Reason 3: usage scales with revenue. API costs scale with usage. So does your revenue (presumably). The cost is a variable expense matched to the value you’re delivering.
Reason 4: easy to switch. API providers compete. If one raises prices or has reliability issues, you can switch. Your hosted alternative locks you in.
Reason 5: full feature set. APIs ship with prompt caching, structured outputs, batch processing, and other features that take real engineering to build yourself.
For most teams, these reasons alone justify staying on the API. The cost is real but the alternatives’ costs (engineering, infrastructure, opportunity) are usually higher.
When hosting open source pencils out
A few situations where running open source makes sense.
Situation 1: very high volume, predictable. If your throughput is high enough to keep GPUs continuously busy, the per-token cost of self-hosted inference can be lower than API pricing. The break-even is usually millions of tokens per day, sustained.
Situation 2: data residency requirements. You can’t send user data to third-party APIs because of compliance. Hosted open source on your own infrastructure is the answer; the cost is justified by the requirement.
Situation 3: latency sensitivity for short responses. API latency includes network RTT. Hosted models close to your application have lower latency. Useful for interactive features where the round trip matters.
Situation 4: model fine-tuning required. You need behavior from a model that you can only get by fine-tuning. The fine-tuning is on open source weights you control.

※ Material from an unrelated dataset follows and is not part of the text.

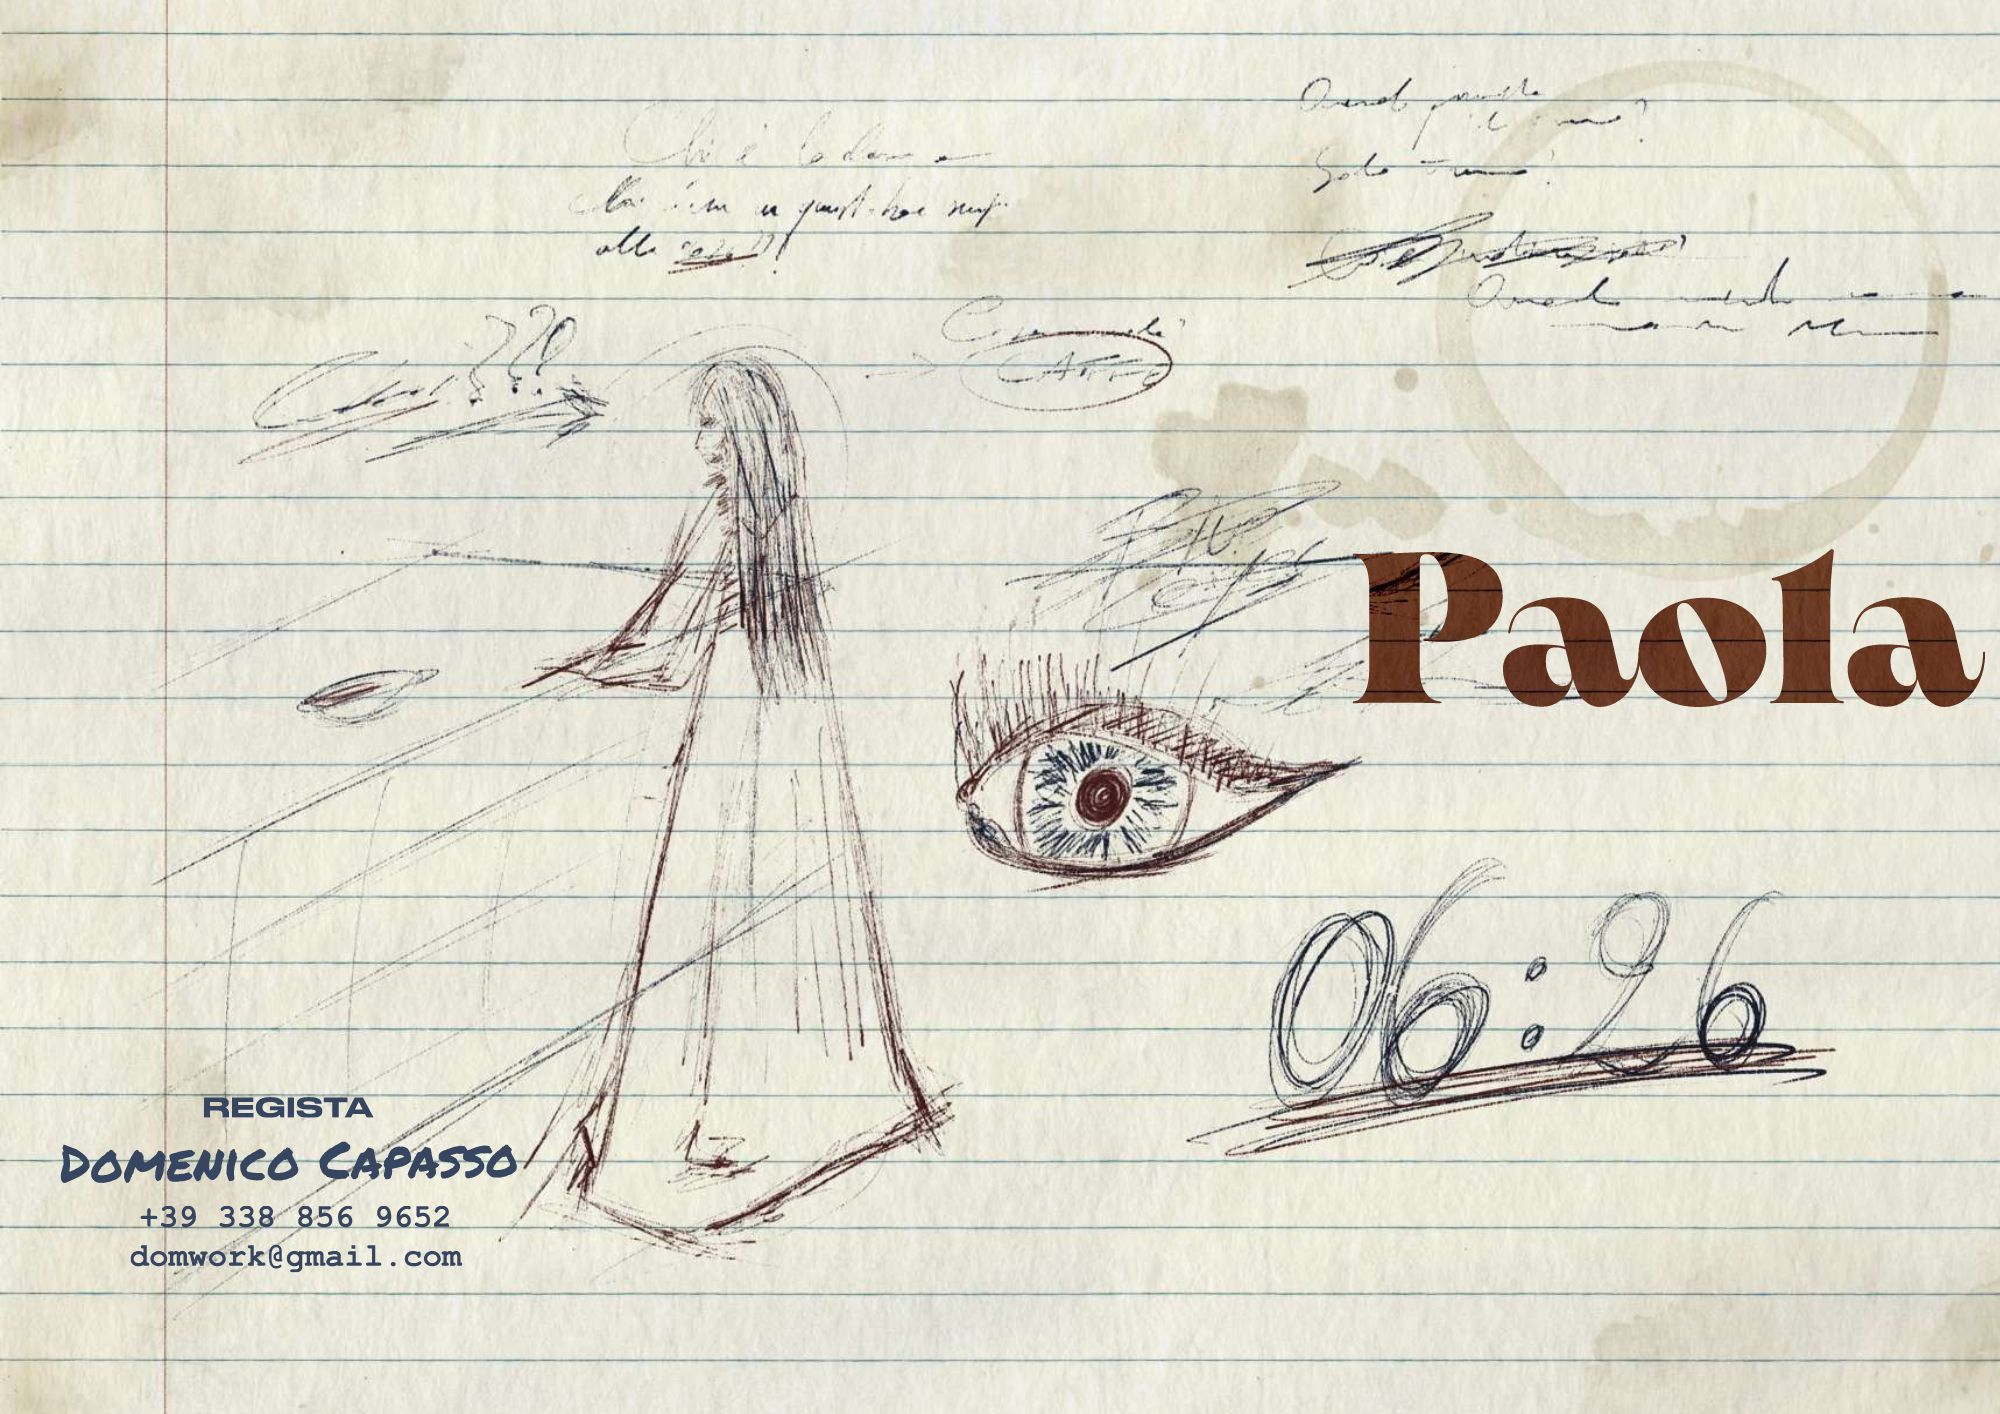 PAOLA: a short movie by Domenico Capasso.

If your situation matches one of these, hosting is on the table. If not, it usually doesn’t pay off.
The hidden costs of self-hosting
The cost comparison most teams do is naive: API price per token vs. hosted infrastructure cost per token. They look at GPU hourly rates, divide by tokens-per-hour, and conclude self-hosting is cheaper.
The hidden costs that ruin the math:
- Engineering time to set up and maintain. Inference servers, autoscaling, monitoring, eval pipelines. A real cost.

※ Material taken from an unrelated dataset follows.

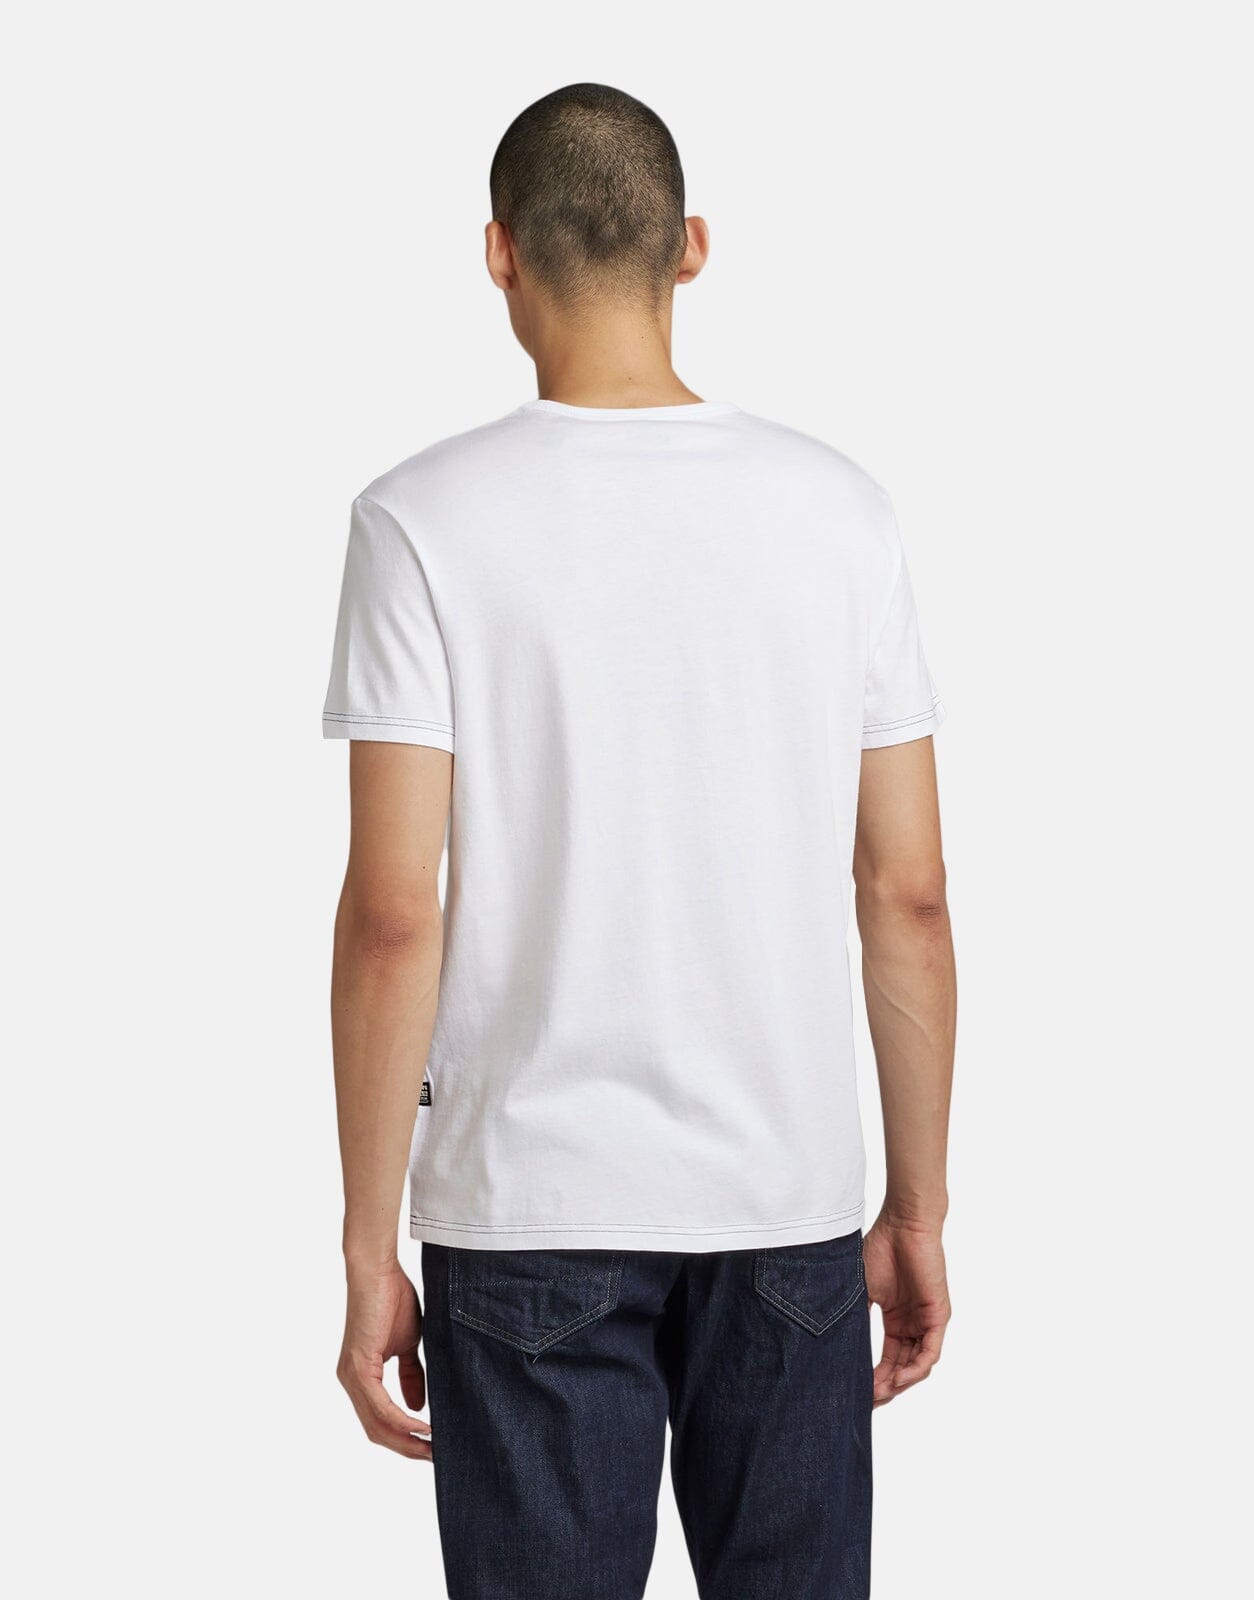 Bandana White T-Shirt - Subwear

- Underutilization. GPUs are expensive. If you’re not running them at >70% utilization, the per-token cost is much higher than the spec sheet suggests.
- Capacity planning. API providers handle bursts. You have to over-provision or accept latency spikes during peaks.

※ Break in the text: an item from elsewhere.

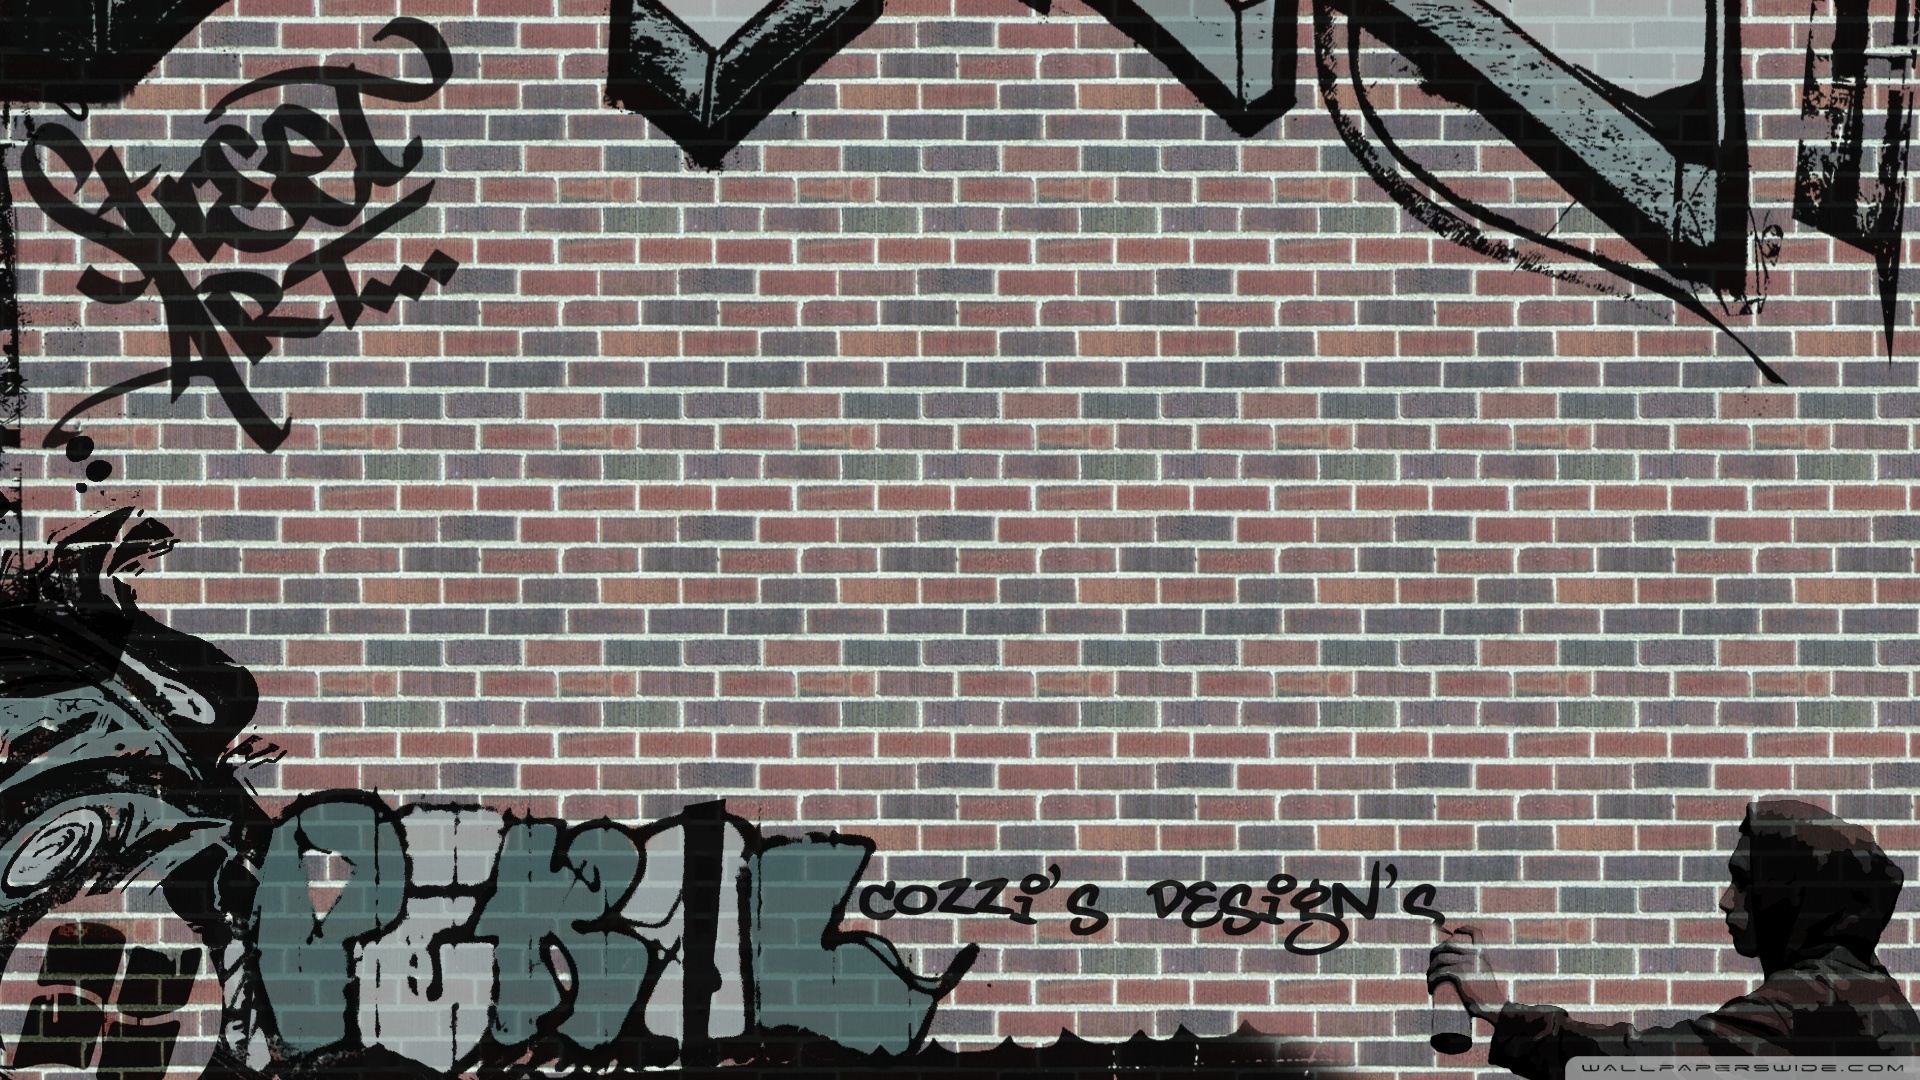 Free Download Graffiti Wallpaper Hd Hd 19x1080 For Your Desktop Mobile Tablet Explore 75 Hd Graffiti Wallpaper Wallpaper Graffiti Free Graffiti Wallpaper Cool Graffiti Wallpaper

- Model upgrades. When a new open model comes out, evaluating, deploying, and maintaining the old one in parallel is its own project.
- Opportunity cost. Engineers spending time on inference infrastructure aren’t shipping features.
For most teams, these costs add up to multiples of the API spend they were trying to save. Self-hosting only makes sense when the savings are large enough to absorb these costs and still come out ahead.
When fine-tuning pays off
Fine-tuning takes a base model and trains it further on your specific task. Some scenarios where it’s worth it.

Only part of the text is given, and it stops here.